Tuesday 16 November 2010

Material World

It’s been just about a month since we moved to London from New York. Two weeks before that the movers put all of our possessions, minus two suitcases, on a boat headed for our new city. In total it’s been about six weeks since we’ve seen most of our stuff from cutlery and cooking supplies to clothes, snowboarding gear and about sixty boxes of whatever else. So when the movers called and said our things had arrived, it goes without saying that I was beyond excited. I was ready to cook and wear something other than one of the three sweaters I brought with me. I was looking forward to eating off our Villeroy & Boch plates and using silverware as opposed to plasticware. I wouldn’t go so far as to say we were roughing it, but it definitely hasn’t been easy.
On Friday, Josh left work at around 2pm to accept the delivery. I was at work and had my phone sitting next to my computer, waiting for him to confirm that everything made it in one piece. By 3pm, I had called, texted and emailed twice. You’d think I was expecting news about the arrival of a newborn baby, not a shipload of belongings.
When I finally got a hold of Josh, he sounded deflated. He said it all came, but he was knee-deep in boxes and packing paper and lots of things he couldn’t make heads or tails of. It was my secret fear come true. While I could finally set up my kitchen and curl up with my Snuggy, I wasn’t looking forward to finding a place for all the material items we’d acquired.
Funny thing is, we’d become accustomed to certain things that have no place in our lives. Yet for some reason, we had trouble getting rid of them. For example, we shipped a box of candles—the same box of candles that was sitting in the closet in our last apartment. We don’t even own a lighter! We shipped not one, not two, not three, but four down blankets. We could warm a small country with our surplus of hats, gloves and scarves. And on that note, I’d like to point out that I’ve since discovered that I have some sort of weird Freudian obsession with hats. I counted five conductor caps, three berets, two tribly hats, a knit hat and a bucket hat. Seriously? You’d think I was an eighty-year old bald man.
The point is that aside from my roll bag of knives, which I literally blew a kiss to, pots, pans, plates and utensils, we really don’t need the rest. It’s actually almost sickening to think of how much we’d gotten rid of in New York and how much we still had. And it’s even more shocking to see the pile of clothes, shoes and other non-essentials we plan on donating now.

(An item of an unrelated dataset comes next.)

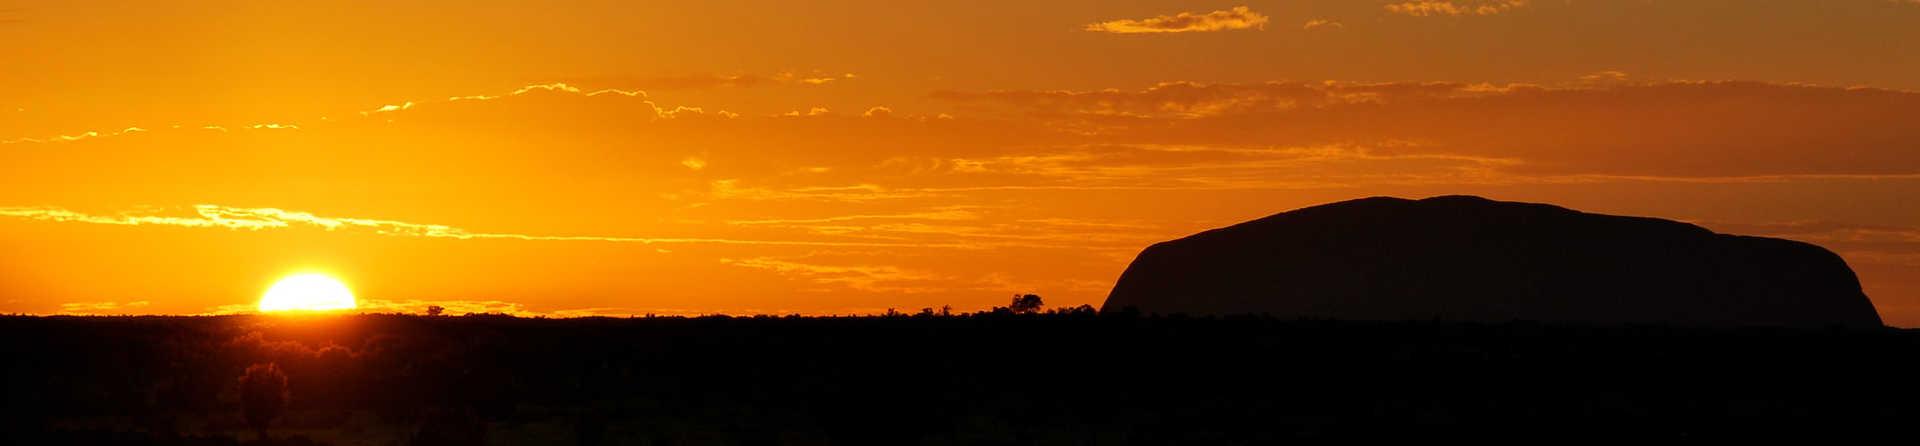 Is Uluru better at sunrise or sunset?

In a way, I think we got used our simplified life, devoid of the useless crap we for some reason were lead to believe we couldn’t live without. Not to mention we had enough room to do cartwheels—that is if we were talented enough to know how.
If this experience has taught us anything, it’s that the people in our lives are irreplaceable and the “things” in our lives are disposable. Not the other way around. Sadly, I think society lets us forget that. We have no problem collecting and carrying around baggage, yet we’re too busy to phone a friend.
From now on the goal is to go with this feeling and purge as much as we possibly can. Pants (or shall I say trousers) I’ve had since freshman year, the leis we got in Hawaii, the Dirt Devil we can’t plug in in the UK and even two of my precious hats.  Without all that clutter, we might actually be able to reclaim our guest room for guests. Now isn’t that a better use of space?